The verification of the contents of the flat took place on January 7th, 1795. Notwithstanding the laconicism of the inventories, they give us some idea of what the young girl's feelings must have been on entering that apartment, full of relics of her parents. Her mother's summer dresses were still hanging in the wardrobes: two dresses en chemise, one in linon and the other in coarse muslin ; a cap in linon trimmed with lace; a dress en chemise in striped taffetas and a deshabille in pique, both of them old; two trimmed muslin dressing-gowns; two pairs of corsets, one in muslin, the other in linon, and both the worse for wear; a pierrot in flesh- coloured taffetas, etc."" x Passing to the wardrobe in which the austere Roland kept his clothes, there were found " two old round hats, two old pairs of shoes, and a pair of worn black breeches . . ." Bosc obtained for the child the right of keeping out of the sale any objects she required for her personal use, so Eudora chose "two little medallions with engraved heads ; a pencil portrait under glass in a gilt frame"; some furniture, linen, and the Erard piano, which had been given to her, it appeared, on January 1st, 1793, as a New Year's gift. [Archives de la Seine]
This heritage
came in the nick of time. Guardian and ward were almost without a bite to eat
an inconvenience which Bosc hardly felt at all, being passionately in love. He had
loved the mother so deeply that he quite naturally came to have an affection
for Eudora. She was barely fourteen years of age, whereas he was on the verge
of forty. Someone, doubtless, made him see that he really ought to wait until the
child was of an age to reason before declaring himself, for he immediately
asked Mlle. Malortie, who had been out of prison since the 9th of Thermidor, to
come to Paris, and on her doing so placed the girl under her charge.

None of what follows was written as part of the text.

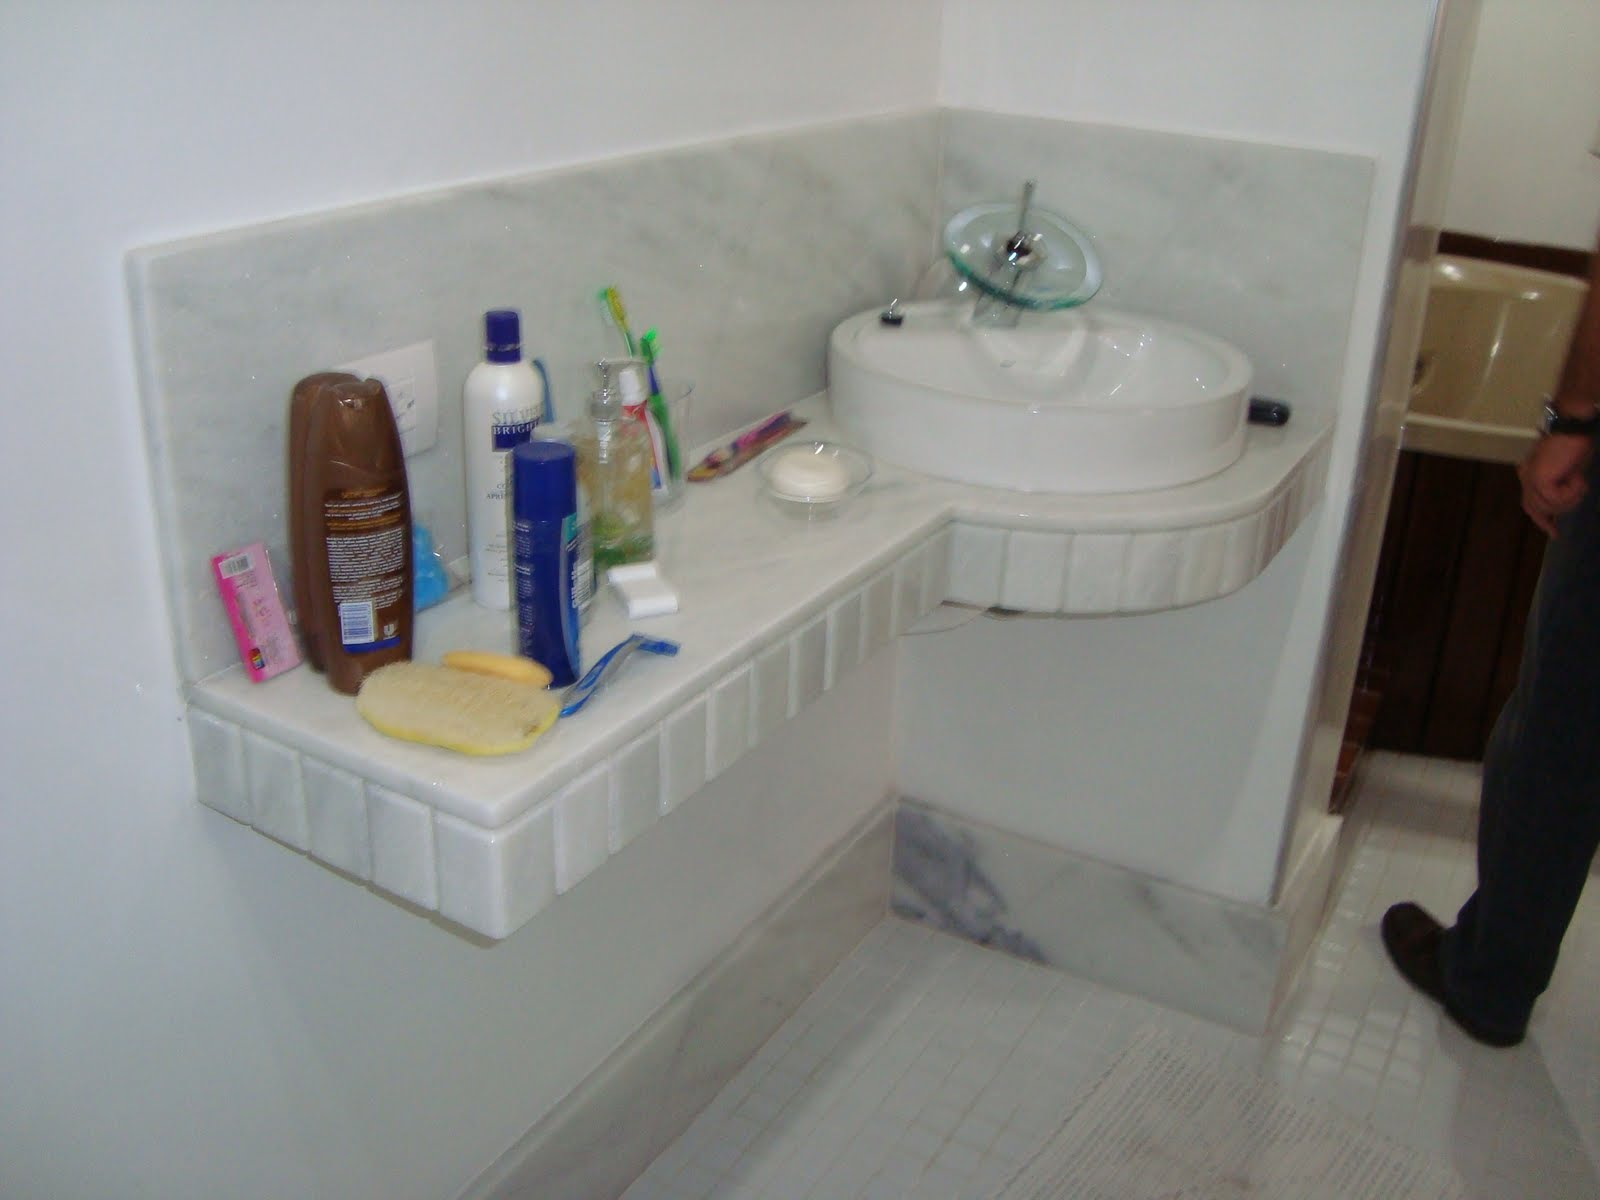 Marmoraria Granart: Bancadas Mármore Branco Clássico e Travertino. #2A3264 1600x1200 Banheiro Branco Com Travertino
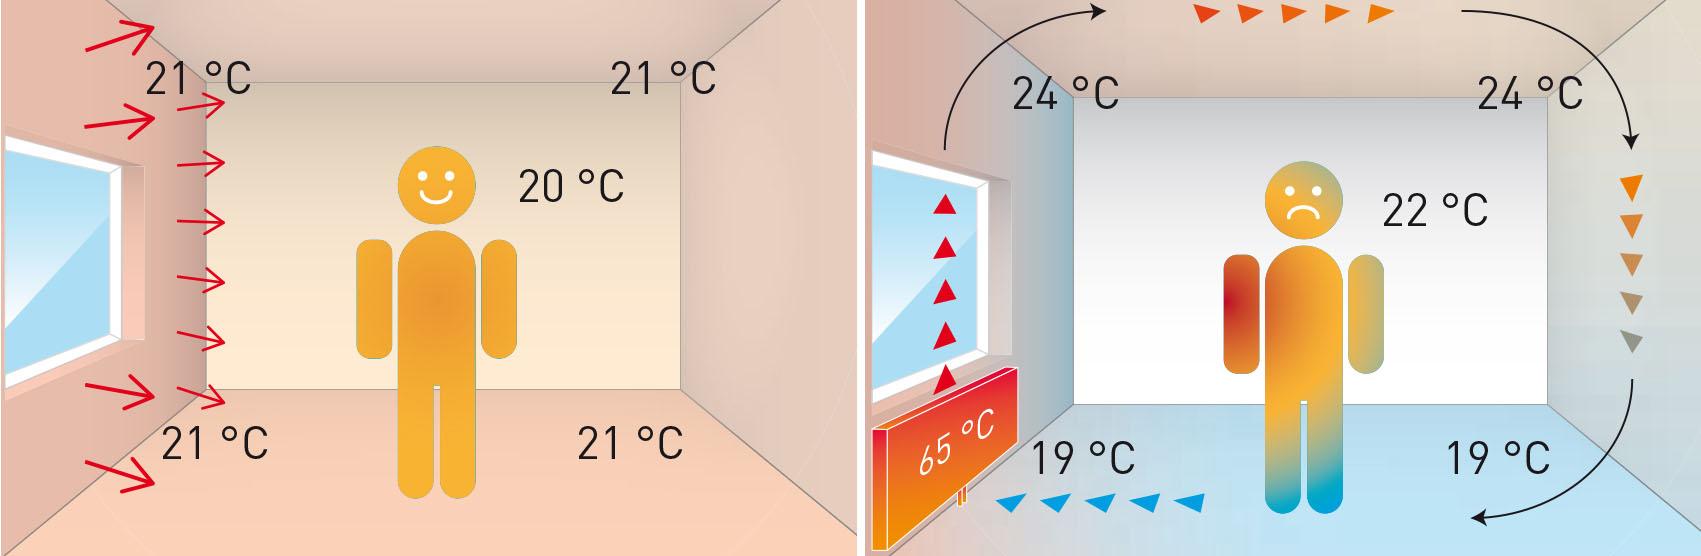 Zeer lage temperatuur verwarming

This was at the end of November 1795. In order to reach Rouen, Eudora had to pass along the Bourg-Baudouin road, within thirty yards of the ditch into which Roland's body had been thrown. She lived in the flat in the Rue aux Ours which her father had left to commit suicide. Everybody, in those days, lived in the midst of tragic recollections; and people had become so accustomed to them that they were no longer disturbed by phantasms.
As to the ever amorous Bosc, he decided to leave the country, and as he was without resources he set out on foot for Bordeaux, where he embarked on a sailing vessel for America. When he returned to France two years later he was still suffering from his chronic complaint; but during his absence friends had hurriedly married Eudora, who had become Mlle. Champagneux.
Bosc died in 1823. His wish was to be buried at his beloved Hermitage of Sainte-Radegonde, in the Forest of Montmorency. Eudora Roland survived him thirty years: she died in Paris, in the Rue de Fleurus, on July 19th, 1858.